Two questions about keypoint scale
Doom9234 opened this issue · 3 comments
HI, thank you for the great work, it helps me a lot when learning SIFT, I have to 2 questions about keypoint.size
-
When computing keypoint.size in localizeExtremumViaQuadraticFit(), you used octave_index + 1 instead of octave_index, is this because the origin input image is doubled by linear interpolation?
-
In computeKeypointsWithOrientations, the scale is muliplied by 0.5 and divided by 2 ** octave_index, it's a little different from the origin paper, am I missing something?
HI, thank you for the great work, it helps me a lot when learning SIFT, I have to 2 questions about keypoint.size
1. When computing keypoint.size in localizeExtremumViaQuadraticFit(), you used octave_index + 1 instead of octave_index, is this because the origin input image is doubled by linear interpolation? 2. In computeKeypointsWithOrientations, the scale is muliplied by 0.5 and divided by 2 ** octave_index, it's a little different from the origin paper, am I missing something?
I think the scale to compute the orientation should be 2 ** ((image_index + extremum_update[2]) / float32(num_intervals))) * (2 ** (octave_index ))
it's different from the scale in computeKeypointsWithOrientations()
Hi there! Thanks for looking into PythonSIFT so deeply.
Yes, I'm using octave_index + 1
instead of octave_index
because we double the input image size. Later in convertKeypointsToInputImageSize()
, we do keypoint.size *= 0.5
to account for this.
Actually, the way scale
is computed in computeKeypointsWithOrientations()
is consistent with the way keypoints.size
is computed in localizeExtremumViaQuadraticFit()
. Let's compare line 181:
keypoint.size = sigma * (2 ** ((image_index + extremum_update[2]) / float32(num_intervals))) * (2 ** (octave_index + 1))
with line 227:
scale = scale_factor * 0.5 * keypoint.size / float32(2 ** octave_index)

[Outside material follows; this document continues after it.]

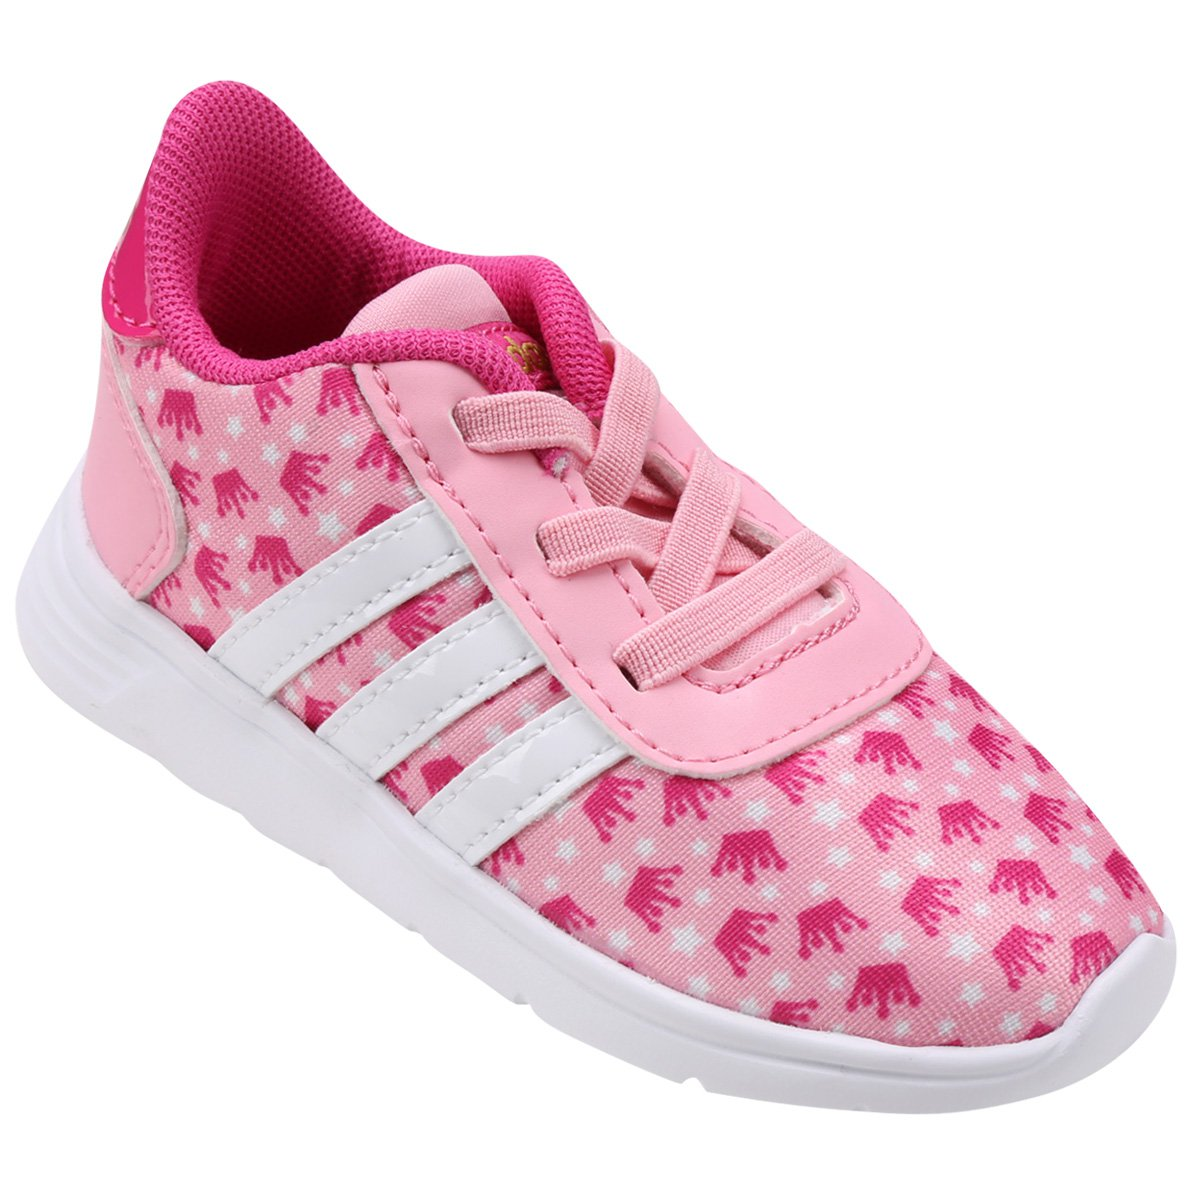 Tênis Adidas Lite Racer Adidas Princess Infantil Compre Compre Agora Lite | 6dee5cb - accademiadellescienzedellumbria.xyz

Note that we can rewrite line 227 like this, and it's mathematically equivalent:
scale = scale_factor * keypoint.size / float32(2 ** (octave_index + 1))
.
In fact, I made this change in the latest commit in order to be consistent with line 181. Sorry for the confusion. However, there's nothing wrong with the original line 227. We are simply reversing the * (2 ** (octave_index + 1))
operation done in line 118 to recover the scale. We then multiply by scale_factor
, as mentioned in the paper.
Note that size
here corresponds to the same size
variable used in OpenCV's SIFT implementation, which you can find here:
https://github.com/opencv/opencv_contrib/blob/master/modules/xfeatures2d/src/sift.cpp
If you take a look at lines 572 and 661, you can see they compute size and scale the same way. You can even set up breakpoints in OpenCV's sift.cpp
and PythonSIFT's pysift.py
, and compare the keypoints at each step of the computation and verify they are the same within rounding error. The size
variable isn't mentioned in the original SIFT paper -- it's just a convenient way to store the scale
across different octaves and layers using a single number.
I hope this helps! Does this answer your questions?
I believe this issue has been resolved, so I'm going to close it. Please feel free to reopen this issue if you feel your question hasn't been answered.